Most vulnerable individuals are particularly affected by the COVID-19 pandemic. This study takes place in a large city in France. The aim of this study is to describe the mobility of the homeless population at the beginning of the health crisis and to analyze its impact in terms of COVID-19 prevalence. From June to August 2020 and September to December 2020, 1272 homeless people were invited to be tested for SARS-CoV-2 antibodies and virus and complete questionnaires. Our data show that homeless populations are sociologically different depending on where they live.
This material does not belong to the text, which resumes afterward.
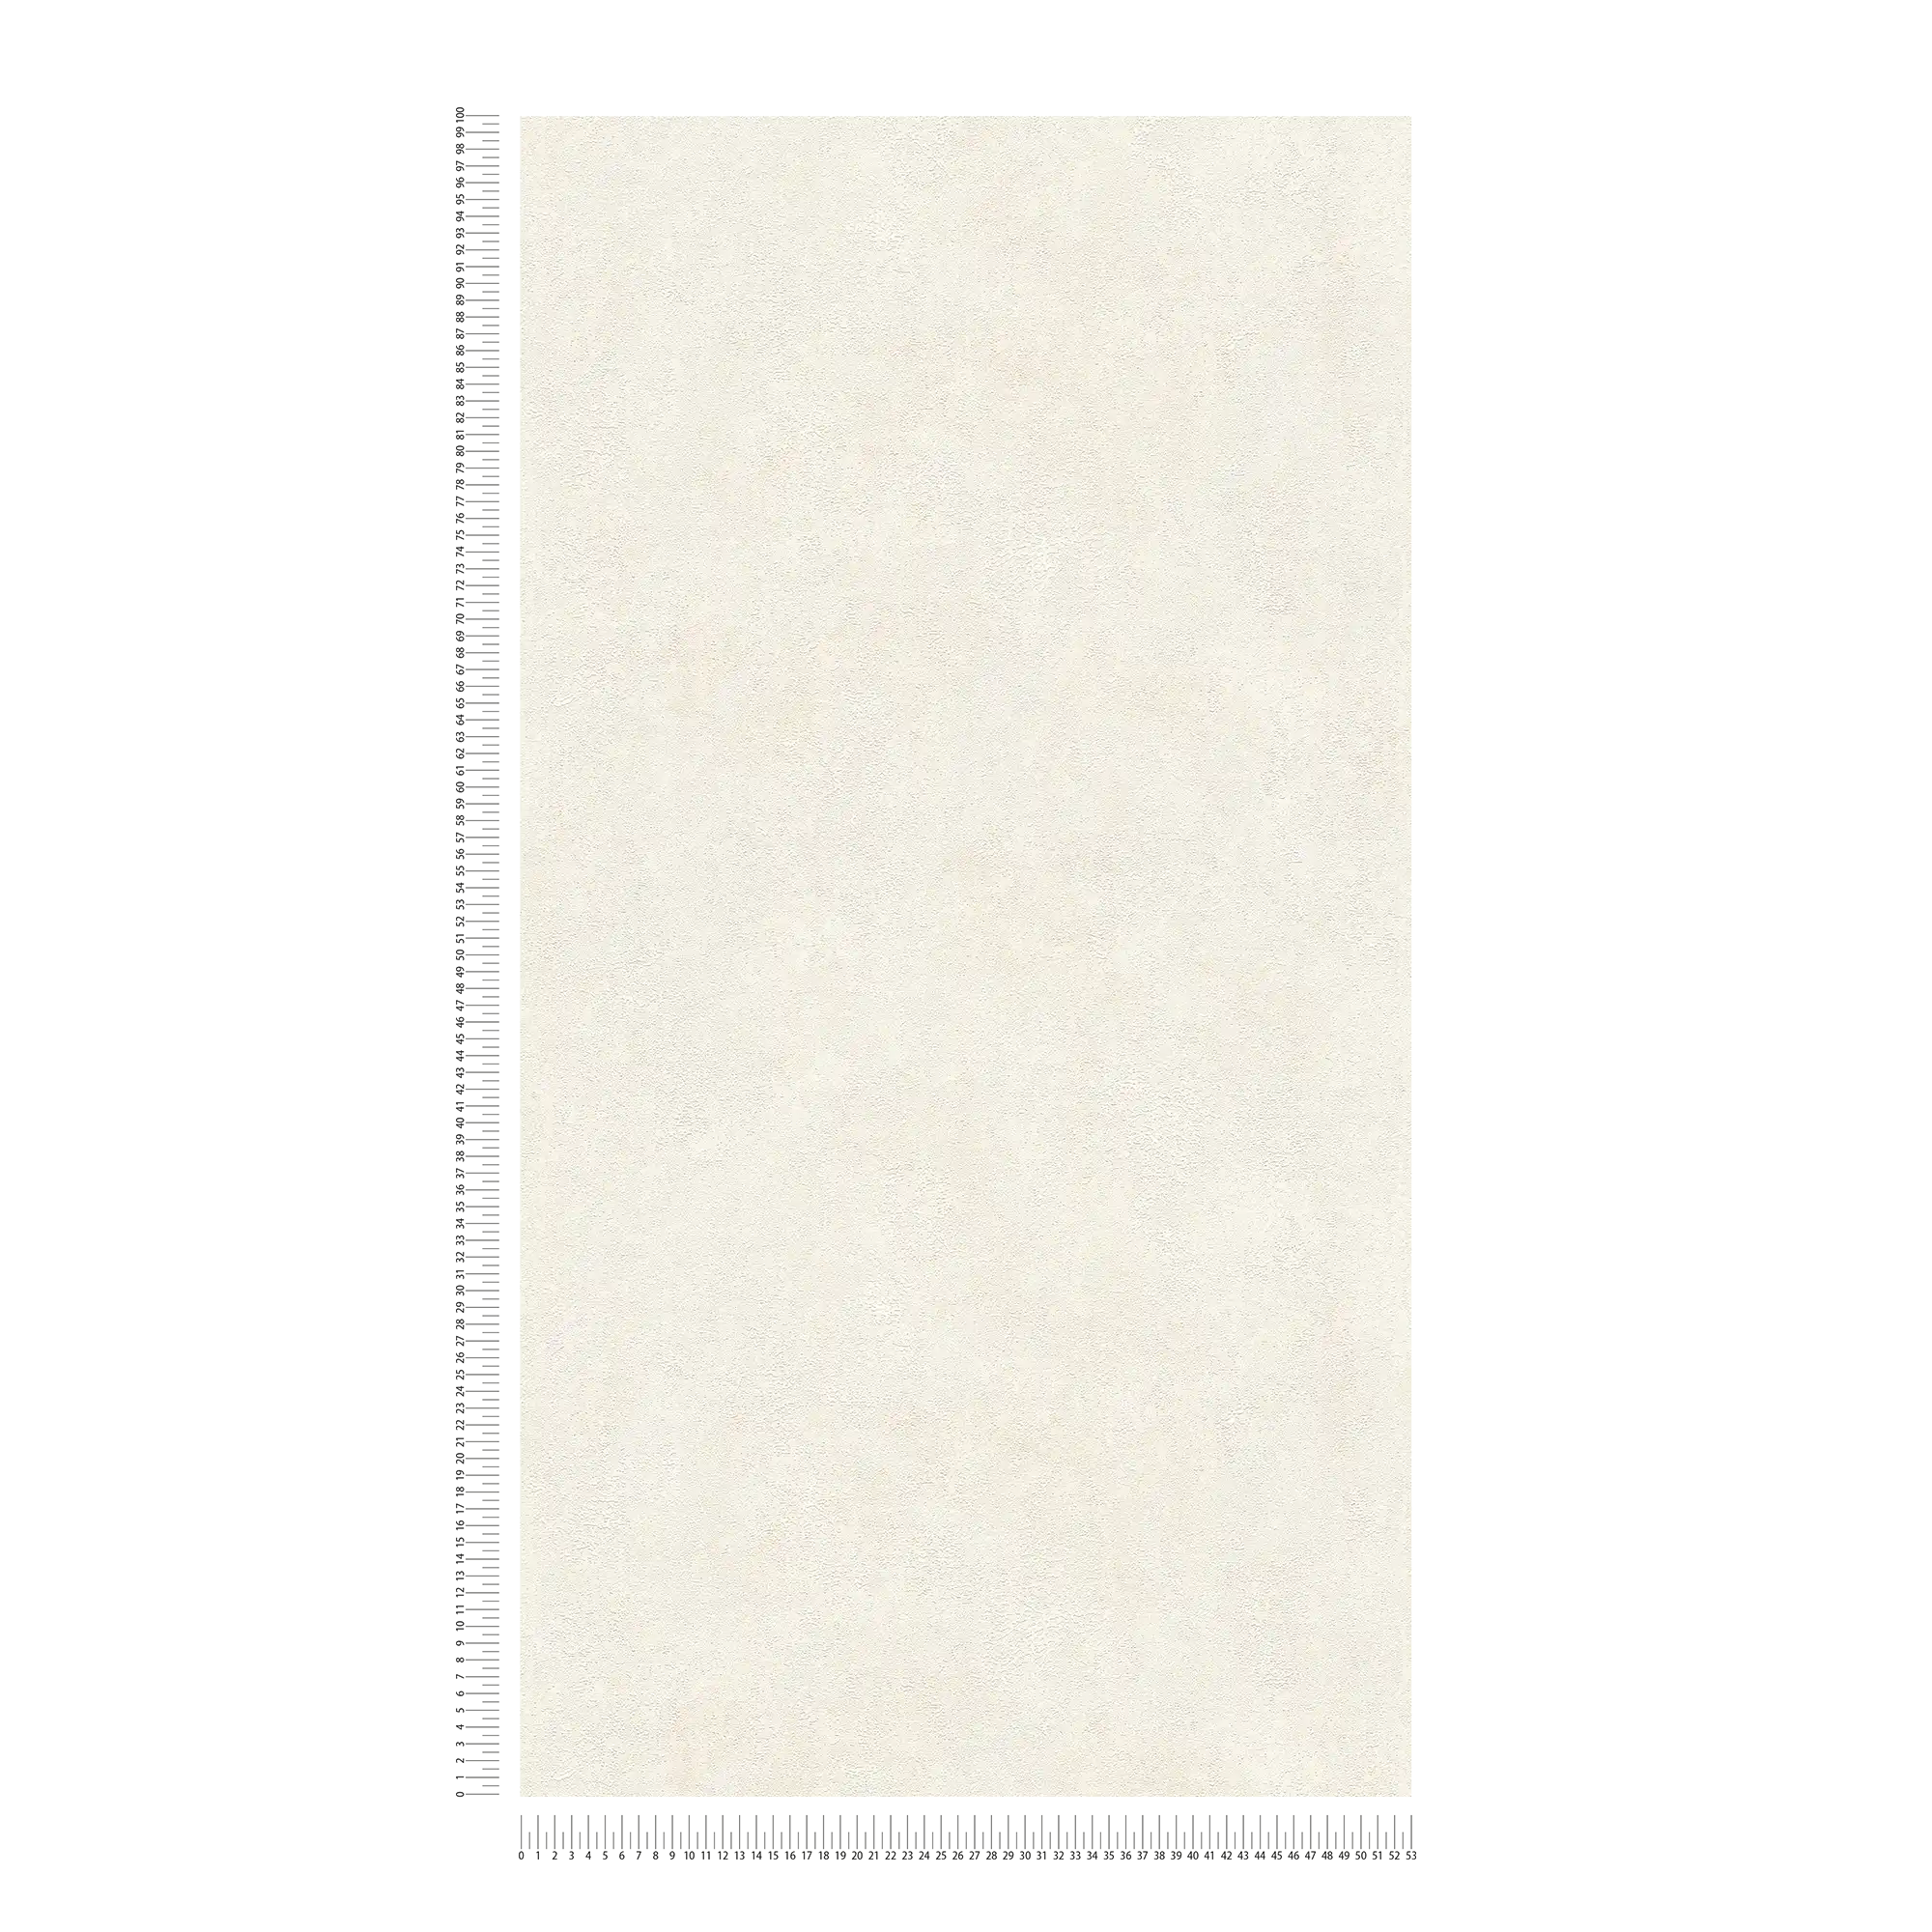             Papel pintado no tejido con ligeros toques de brillo - crema, blanco
        
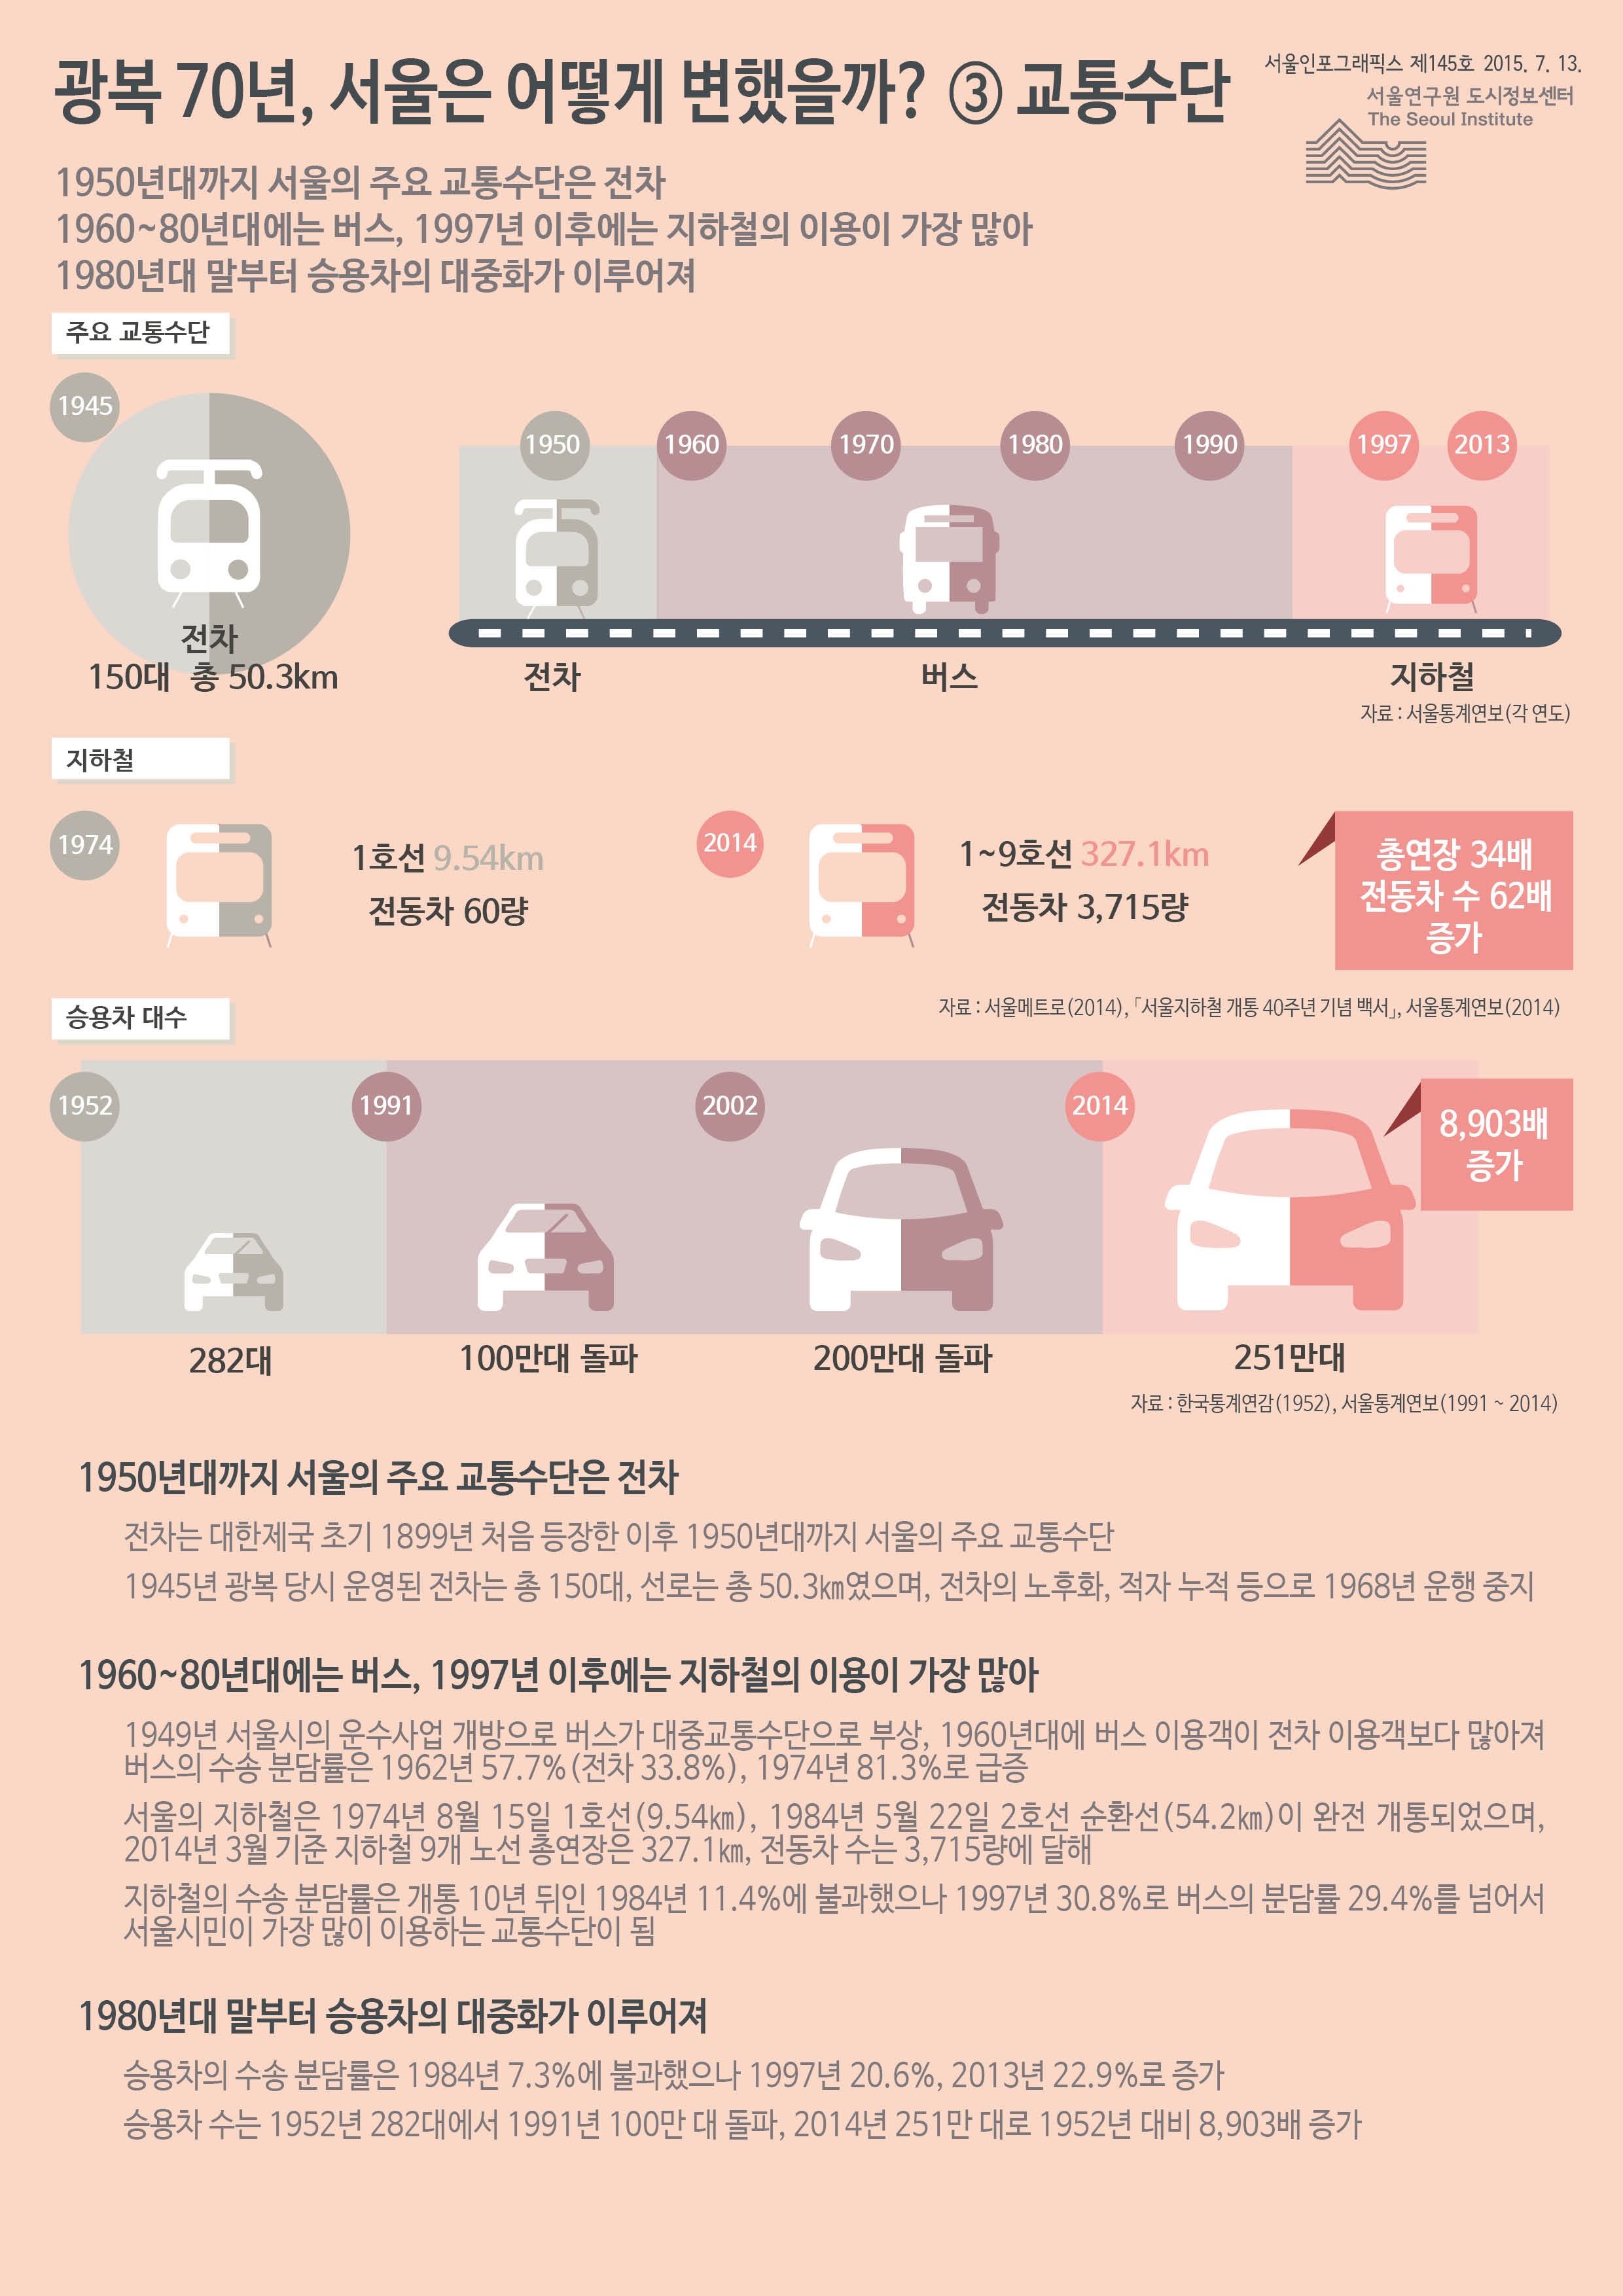 광복 70년, 서울은 어떻게 변했을까? ③ 교통수단 서울인포그래픽스 제145호 2015년 7월 13일 1950년대까지 서울의 주요 교통수단은 전차. 1960~80년대에는 버스, 1997년 이후에는 지하철의 이용이 가장 많음. 1980년대 말부터 승용차의 대중화가 이루어짐으로 정리될 수 있습니다. 인포그래픽으로 제공되는 그래픽은 하단에 표로 자세히 제공됩니다.

We show that people that were living on the street were most likely to be relocated to emergency shelters than other inhabitants. Some neighborhoods are points of attraction for homeless people in the city while others emptied during the health crisis, which had consequences for virus circulation. People with a greater number of different dwellings reported became more infected. This first study of the mobility and epidemiology of homeless people in the time of the pandemic provides unique information about mobility mapping, sociological factors of this mobility, mobility at different scales, and epidemiological consequences. We suggest that homeless policies need to be radically transformed since the actual model exposes people to infection in emergency.

Suggested Citation

  • Agathe Allibert & Aurélie Tinland & Jordi Landier & Sandrine Loubière & Jean Gaudart & Marine Mosnier & Cyril Farnarier & Pascal Auquier & Emilie Mosnier, 2022. "Residential Mobility of a Cohort of Homeless People in Times of Crisis: COVID-19 Pandemic in a European Metropolis," IJERPH, MDPI, vol. 19(5), pages 1-24, March.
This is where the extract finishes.